Per informazioni chiama il
333 8926334

Borgo S. Pietro, 58 - Cividale Del Friuli

Continuiamo con la storia: la cucina cividalese.

La zona di Cividale e delle Valli del Natisone offre una secolare tradizione culinaria, fatta di ricette semplici di origine contadina ma non per questo povere di sapore. I piatti più tipici sono infatti frutto dell’elaborazione di prodotti nostrani accompagnati dalla fantasia.

Trattasi dunque di ricette stagionali che usano ciò che la terra e gli allevamenti offrono, come carne di maiale, frutta, noci e funghi per costruire ricette dove il sapore e la semplicità riflettono l’ospitalità e l’amore per le tradizioni del popolo friulano.
Nonostante la povertà degli ingredienti quindi, la cucina locale presenta sapori decisi e delicati, quindi piatti sostanziosi ed equilibrati che vengono accompagnati dagli ottimi vini locali, anch’essi frutto di un millenario amore per la terra.

Frico
E’ il piatto tipico friulano per eccellenza. Si presenta generalmente in due versioni: frico morbido e friabile.
Entrambi si possono servire sia come antipasto che come secondo. Sebbene oggi il frico sia visto come un piatto festivo, in origine la sua preparazione era finalizzata al recupero di scarti di formaggio, si prepara con del formaggio di diversa stagionatura, patate, cipolla, olio e sale, e si presenta come una grossa frittata.
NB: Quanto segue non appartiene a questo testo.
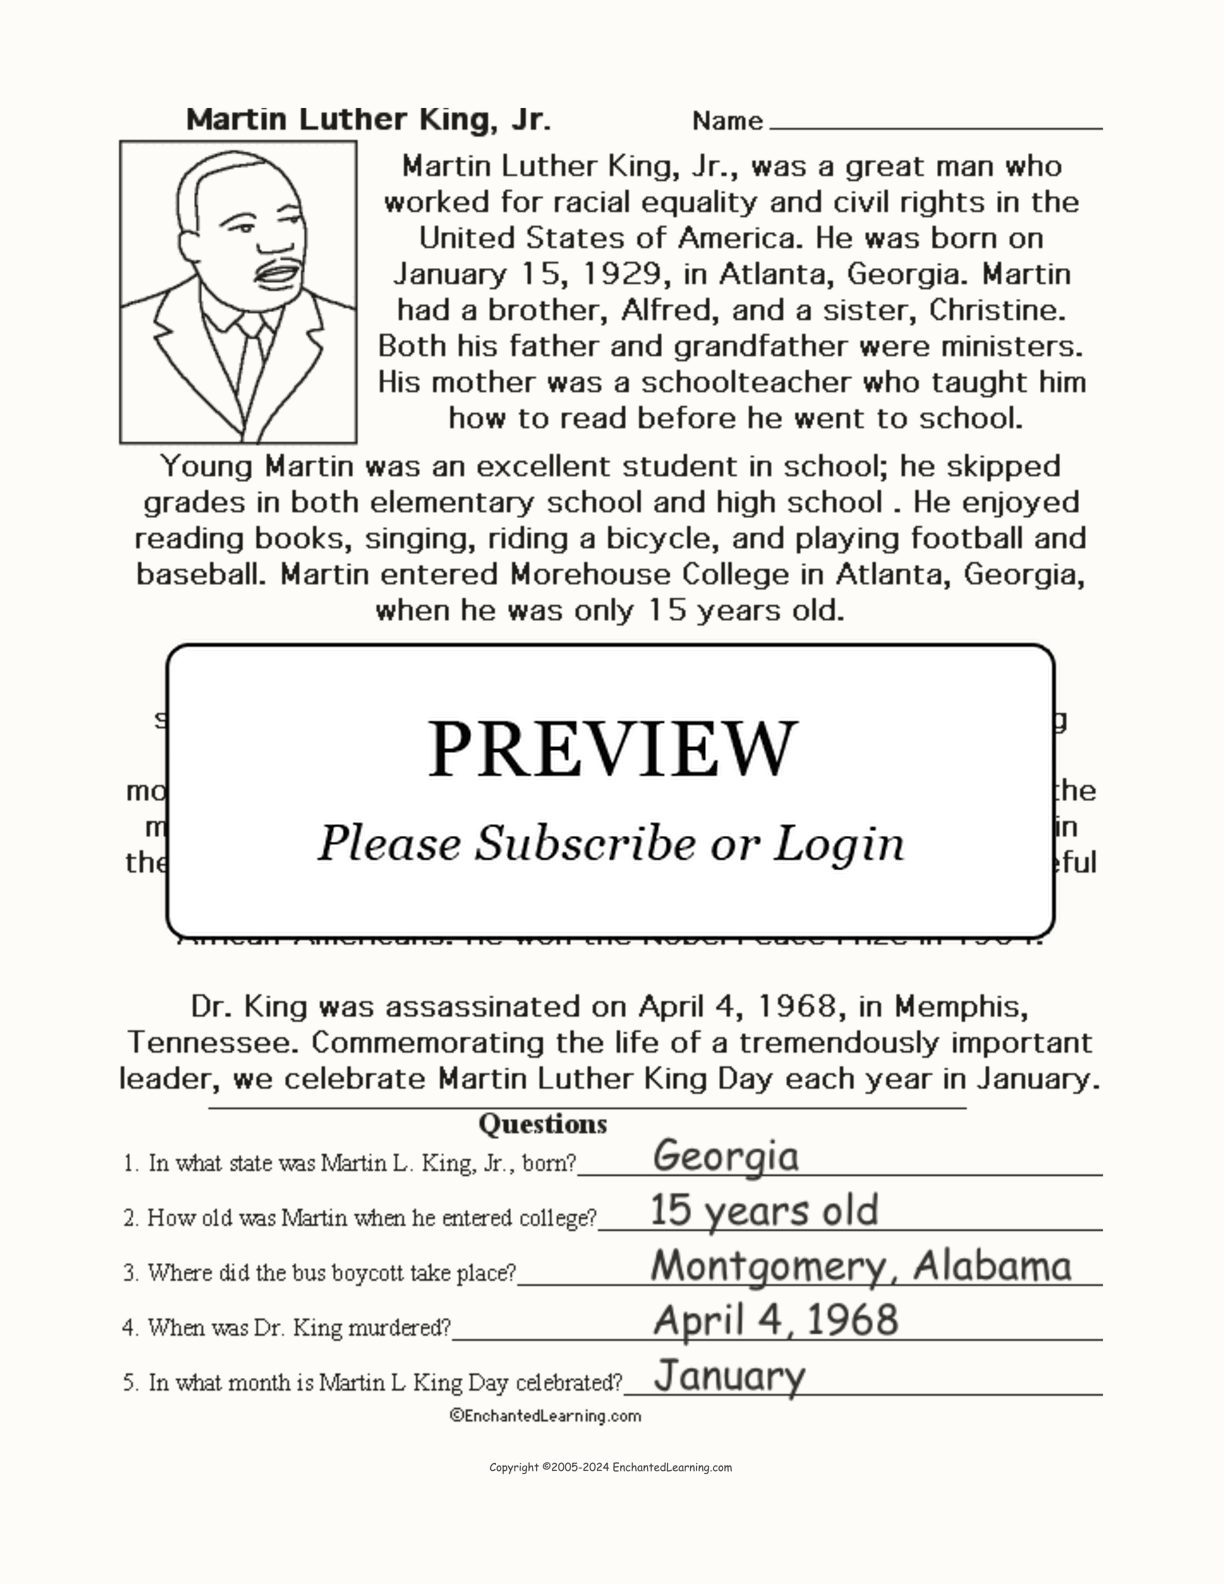 Martin Luther King, Jr., Biography (with Questions) interactive worksheet page 2

Può essere arrichito con dell’ aggiunta di porro o dello speck.
Il frico friabile invece è molto sottile e, a differenza del primo, non ha fra gli ingredienti le patate ma è fatto di solo formaggio. Facile da sagomare è ottimo per delle terrine di funghi o fonduta di montasio.
Entrambe le tipologie sono abitualmente servite con della polenta di mais.

Brovada e Muset
Il muset è una sorta di cotechino che viene preparato dai tagli del muso del maiale da cui prende il nome. La brovada è invece una rapa preparata in maniera tipica friulana. Le rape rivestono infatti grande importanza nella cucina del Friuli, ottenendo un posto di primo piano in molti piatti locali.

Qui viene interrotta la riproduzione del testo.